Requirement:
Output exactly the lines from the one containing "Le variant Delta" through the final line of the entries below, both included, and skip the pictures.

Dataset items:
○ ○ ○ ○ ○

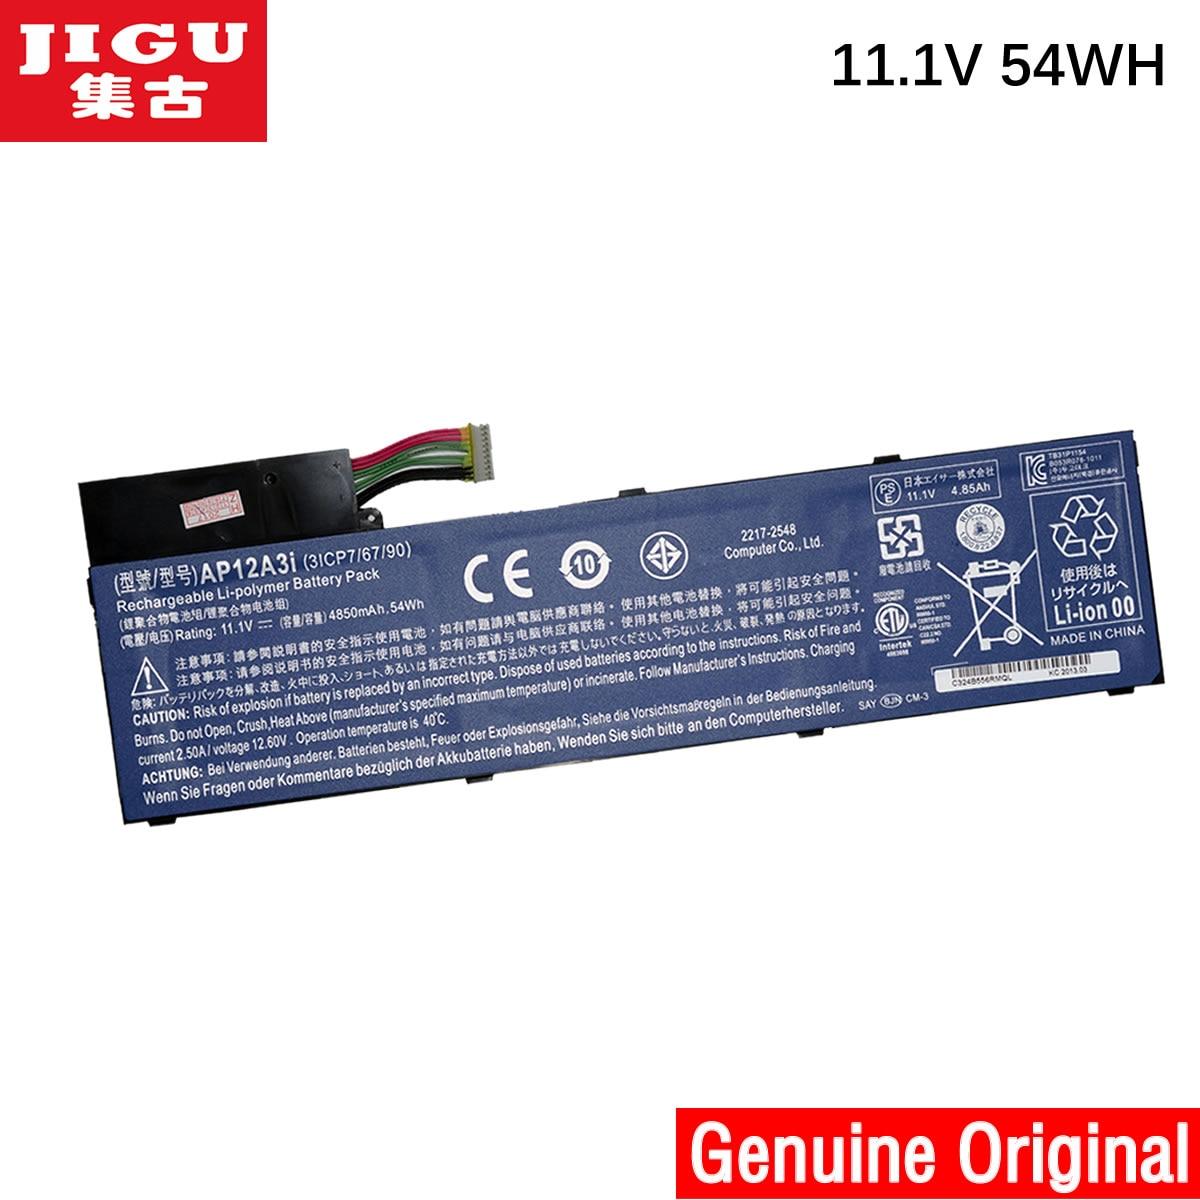 JIGU AP12A3I Original Laptop Battery For ACER Aspire Timeline Ultra M3 M5 M3-581 M5-481 M5-581 AP12A4i M3-581TG тренога для походного котла kukmara т03
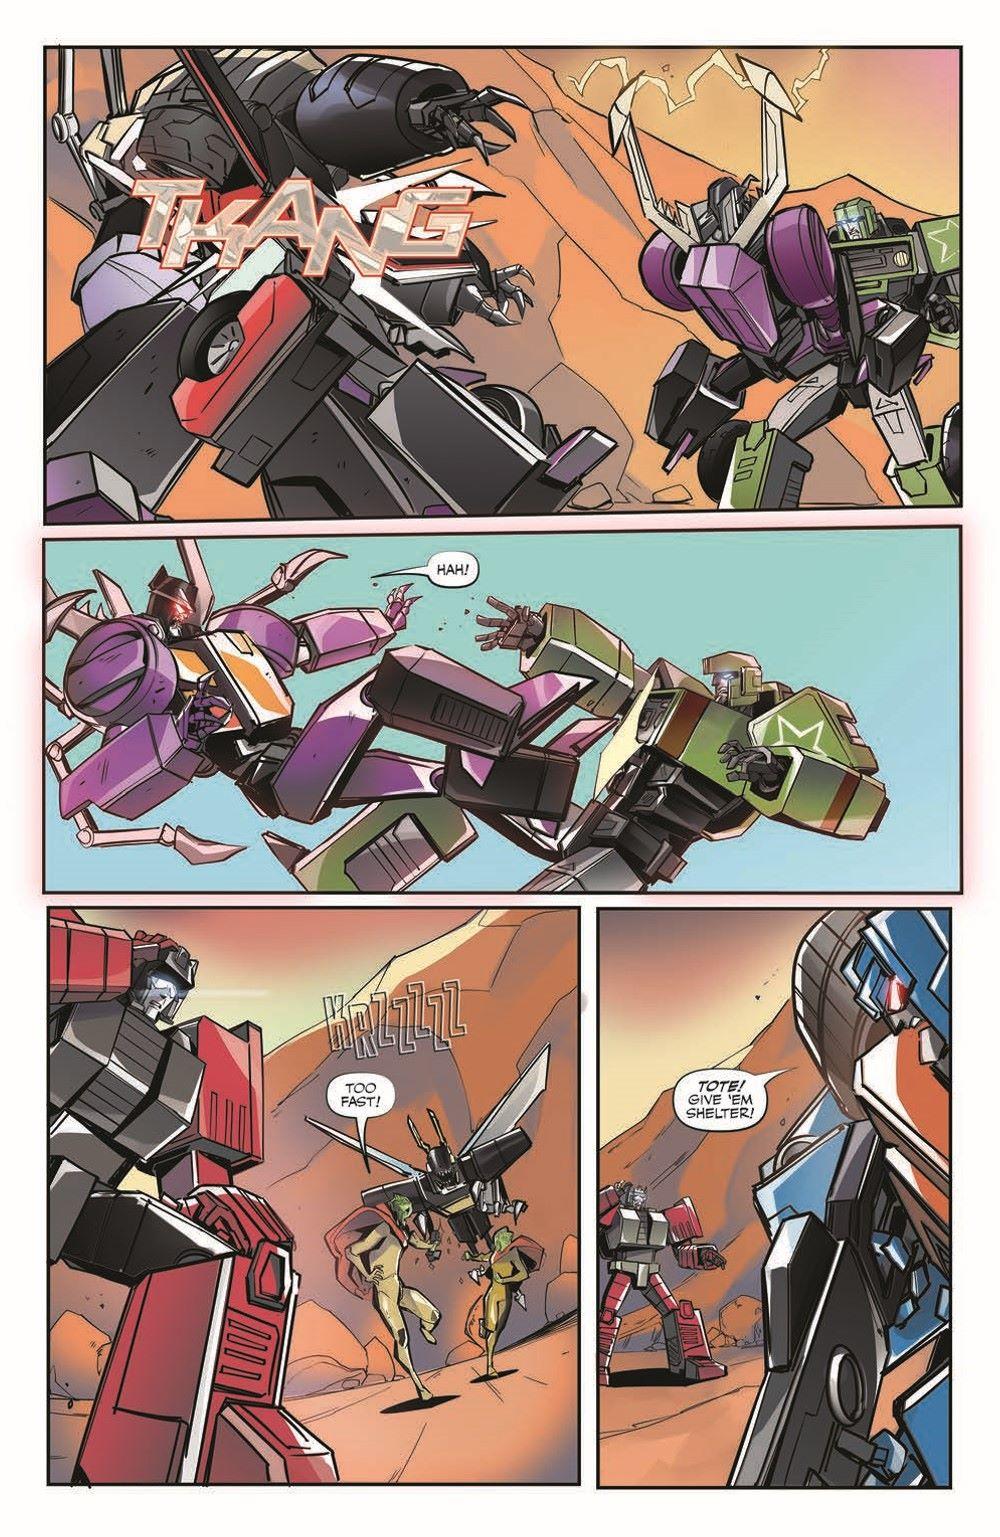 TFEscape03-pr-4 ComicList Previews: TRANSFORMERS ESCAPE #3 (OF 5)
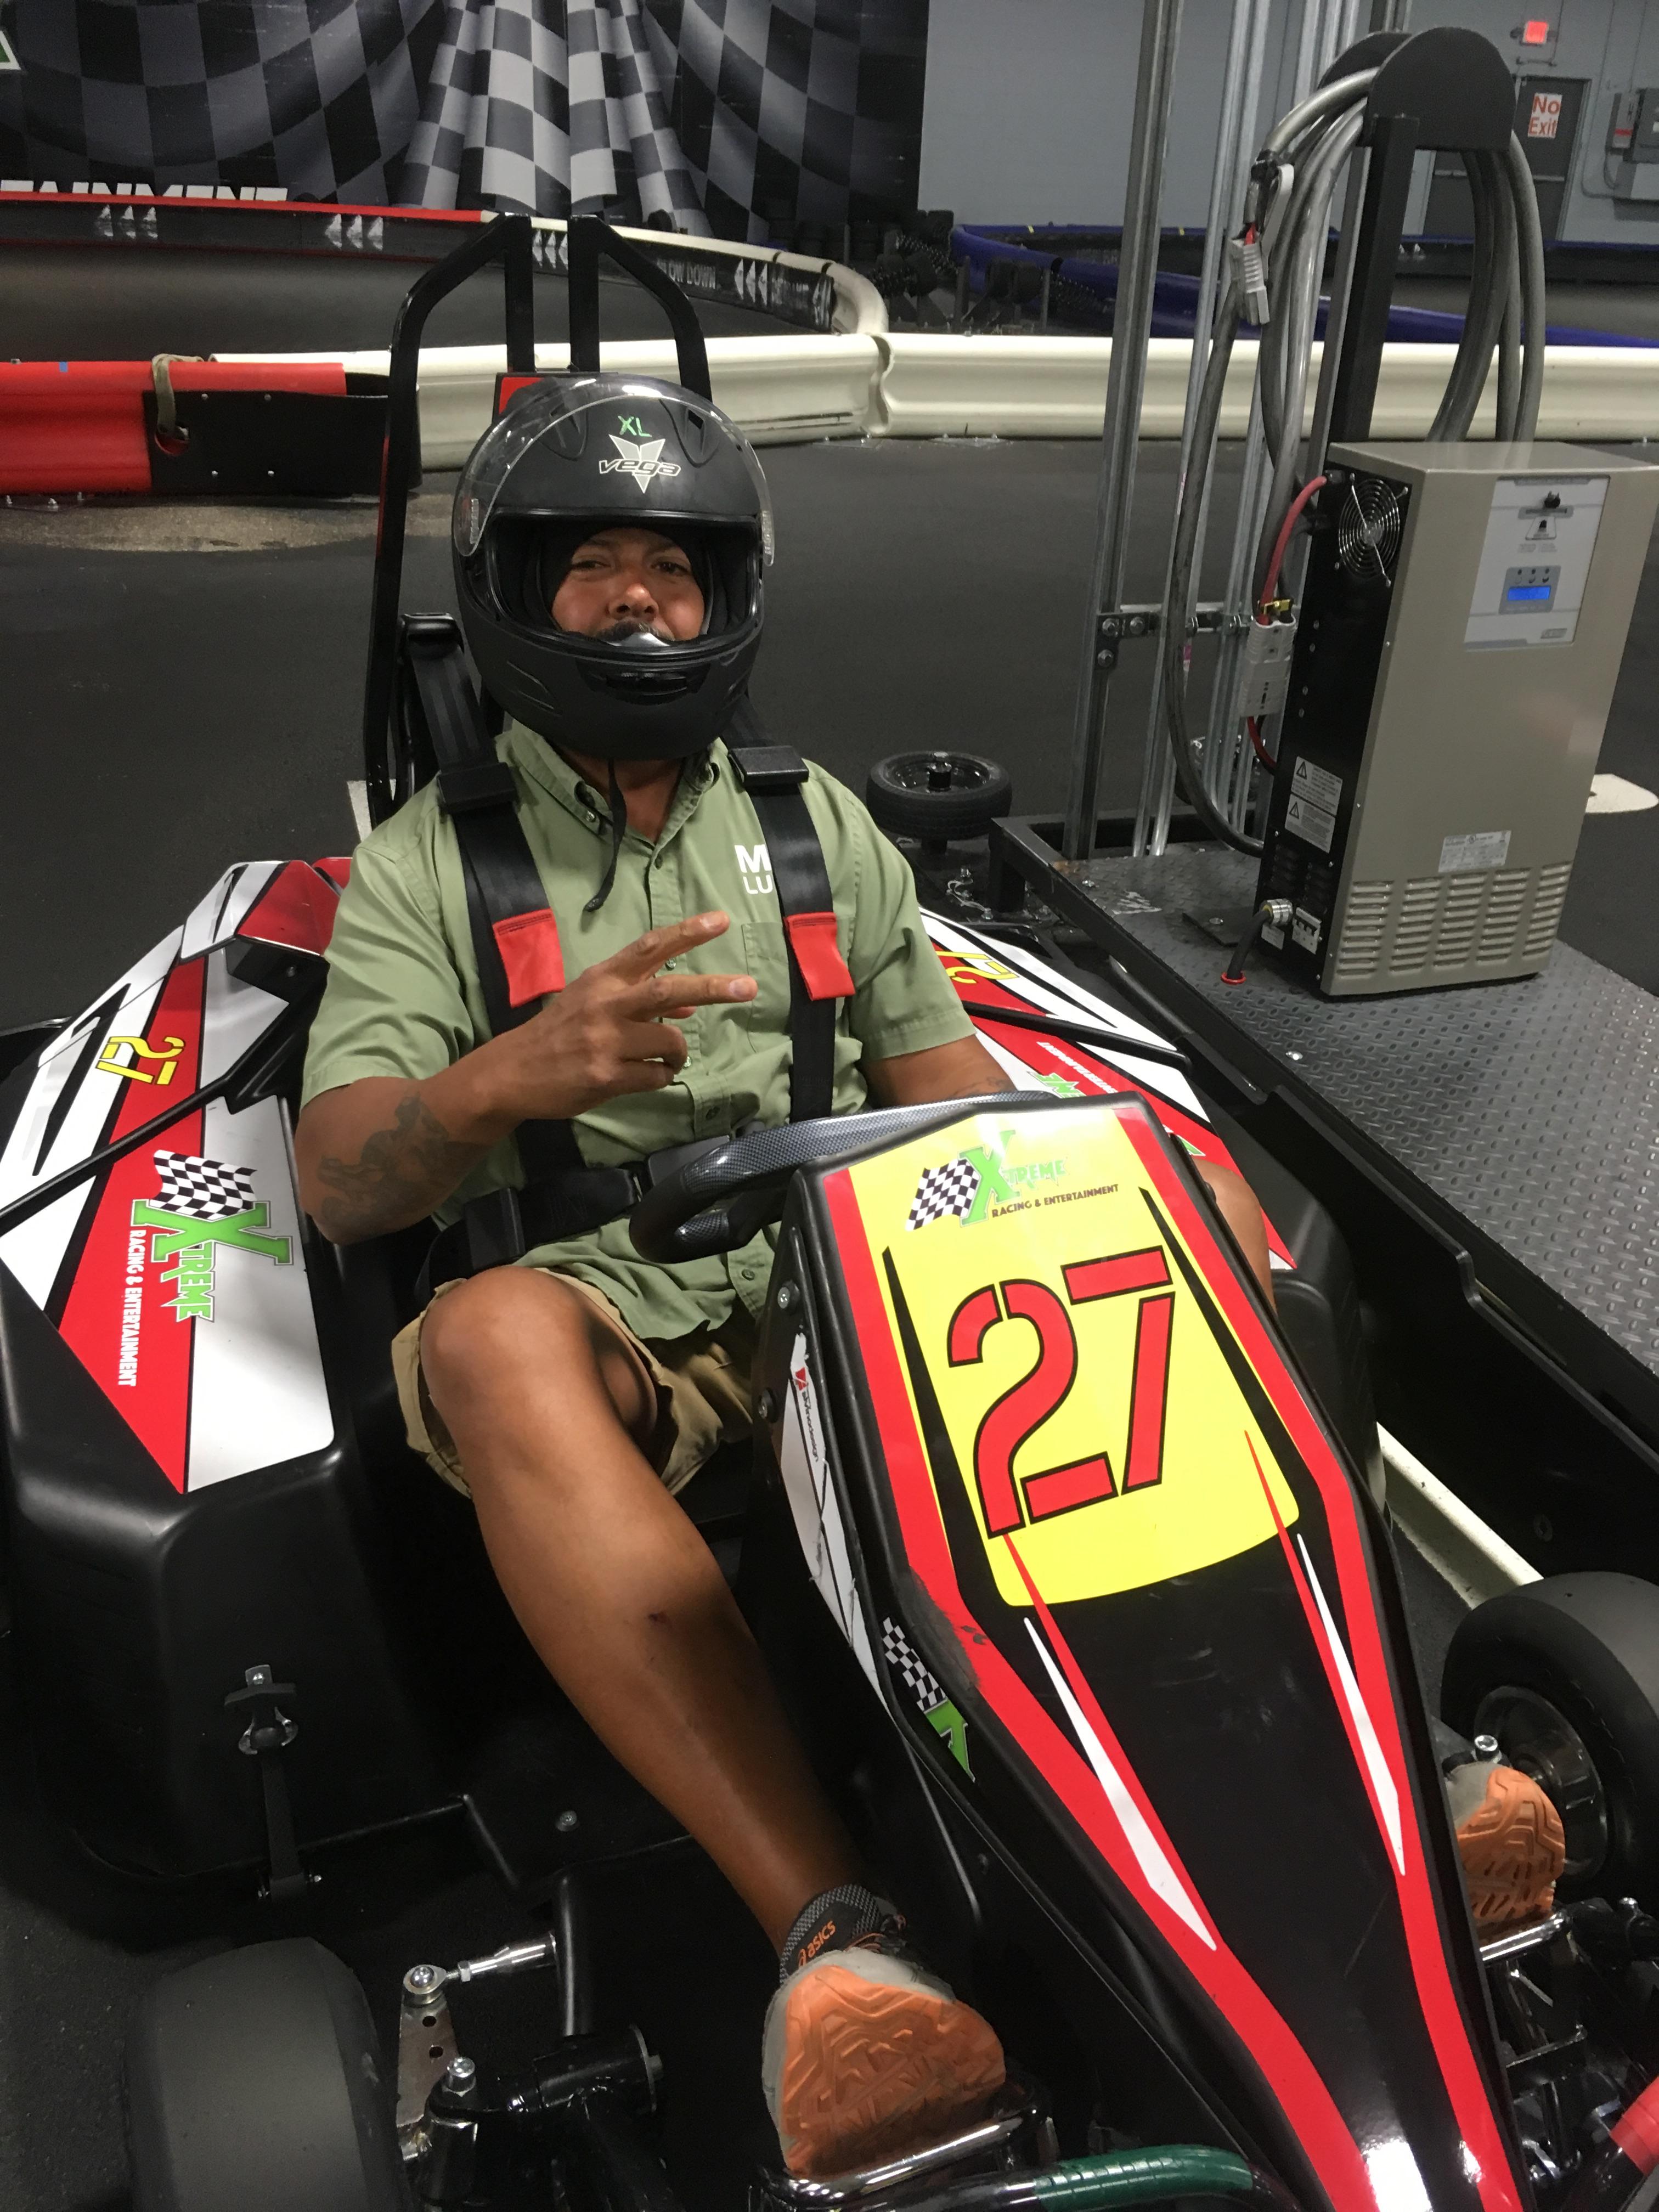 Kart Racing 8-22-17 - M & M Lumber
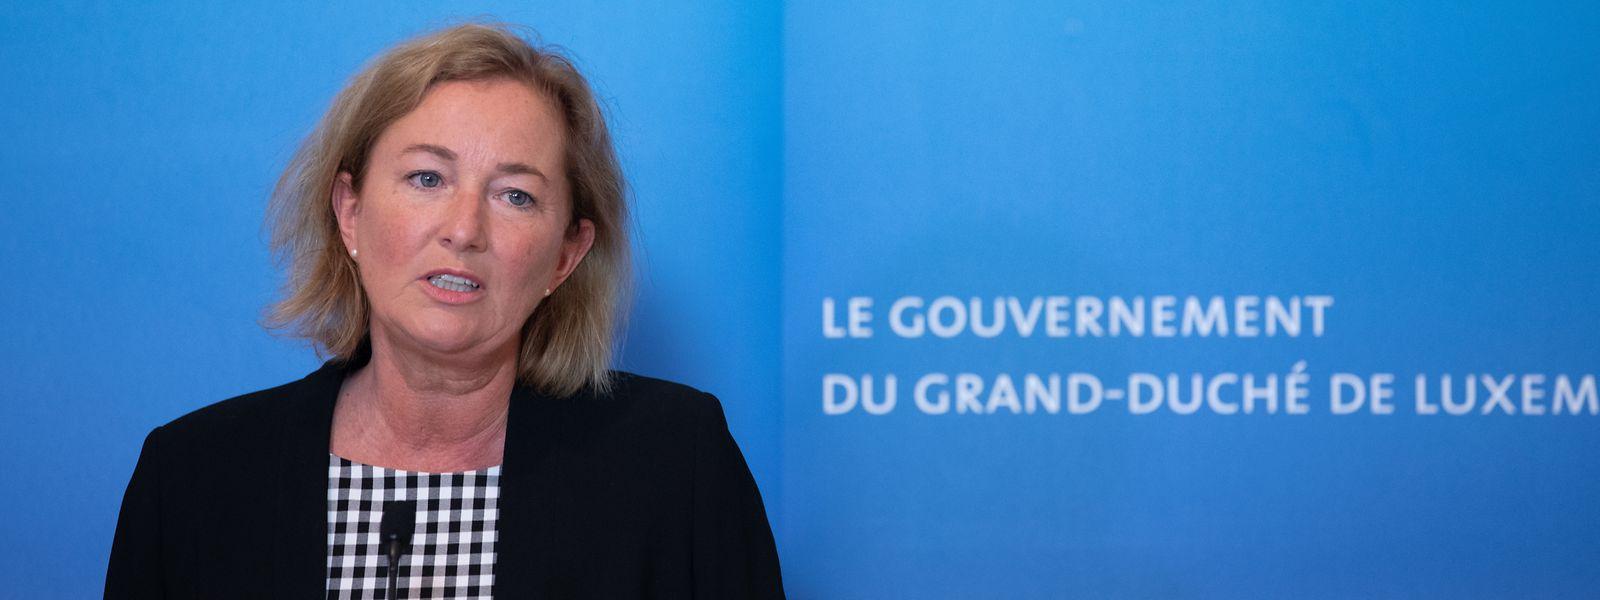 Le variant Delta «est à surveiller de près, car il pourrait changer la donne», estime Paulette Lenert, ministre de la Santé.
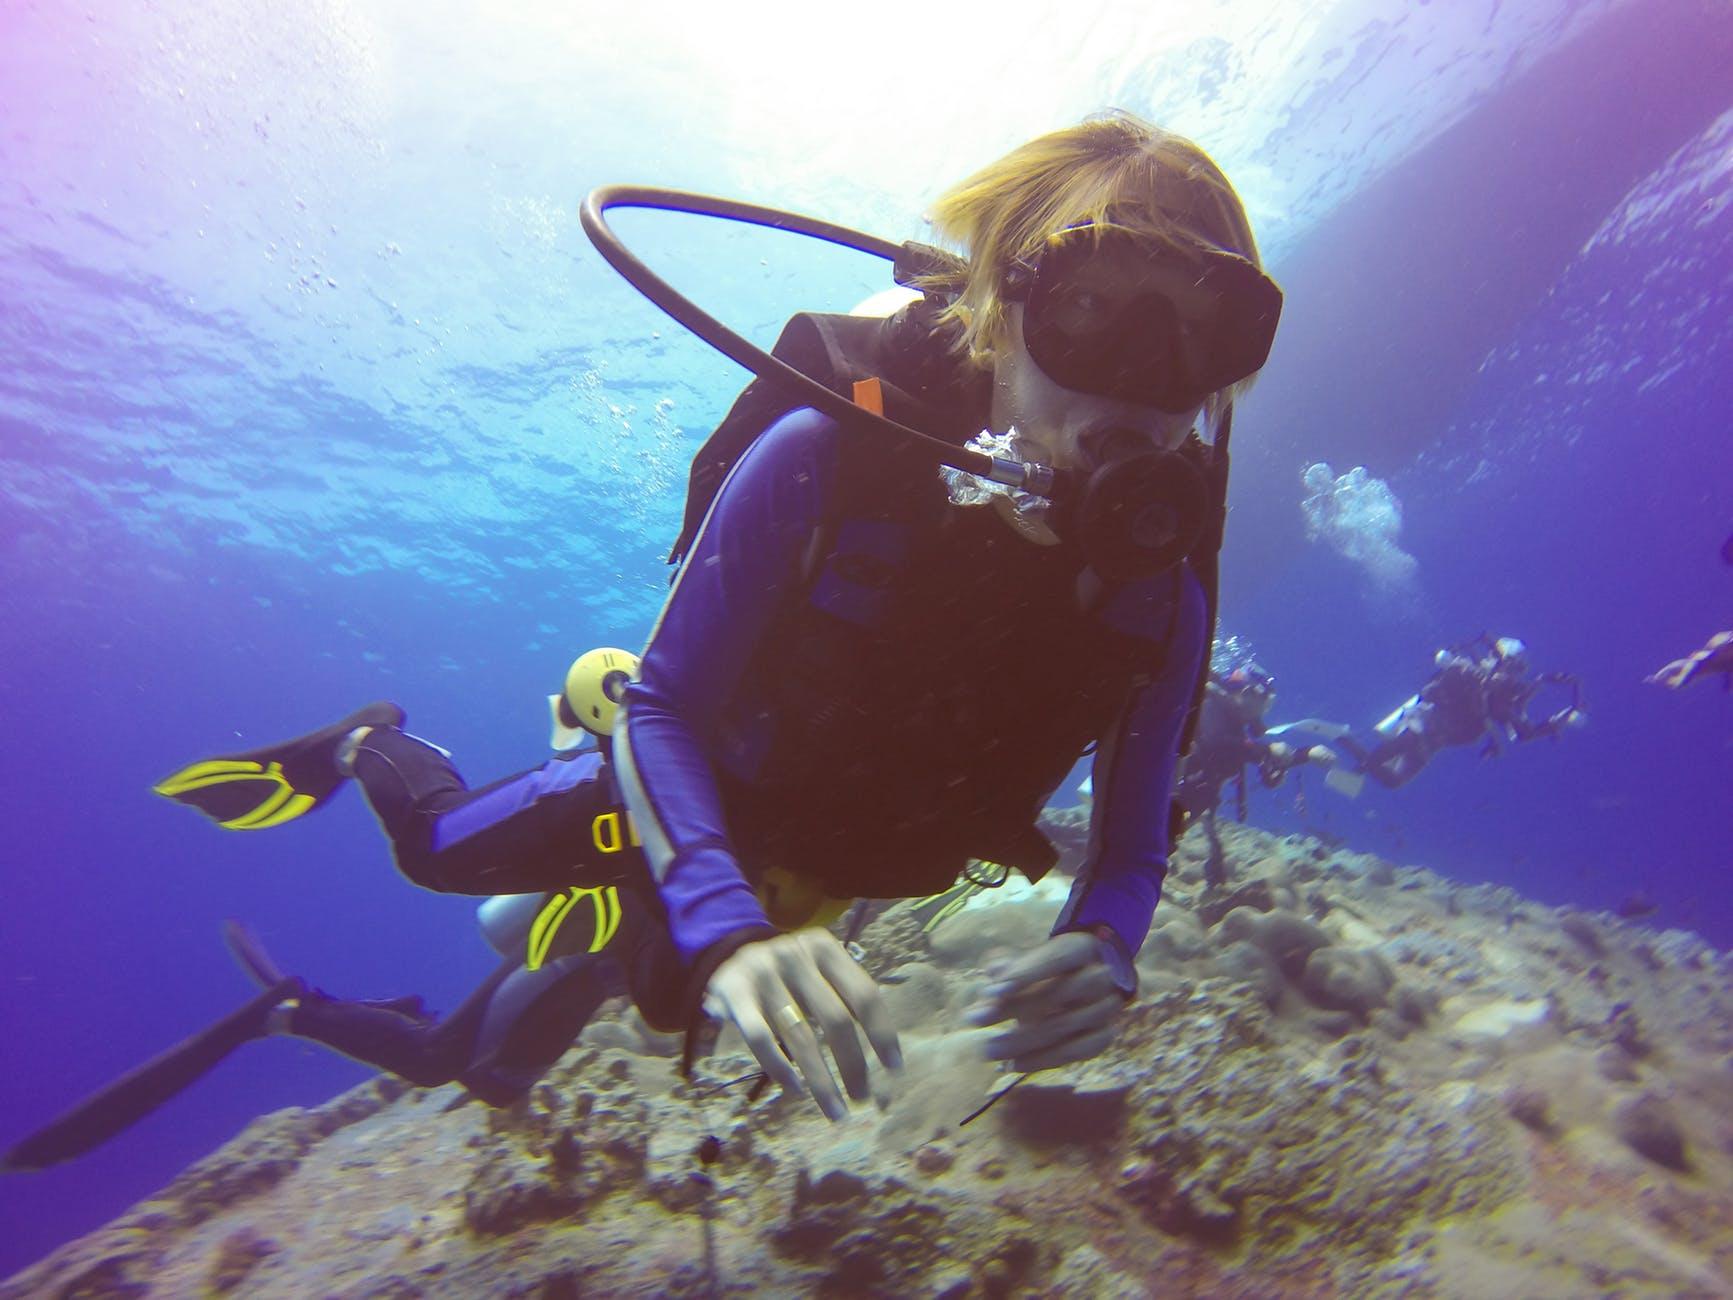 diver under the sea

○ ○ ○ ○ ○

Response area:
 Le variant Delta «est à surveiller de près, car il pourrait changer la donne», estime Paulette Lenert, ministre de la Santé.
 diver under the sea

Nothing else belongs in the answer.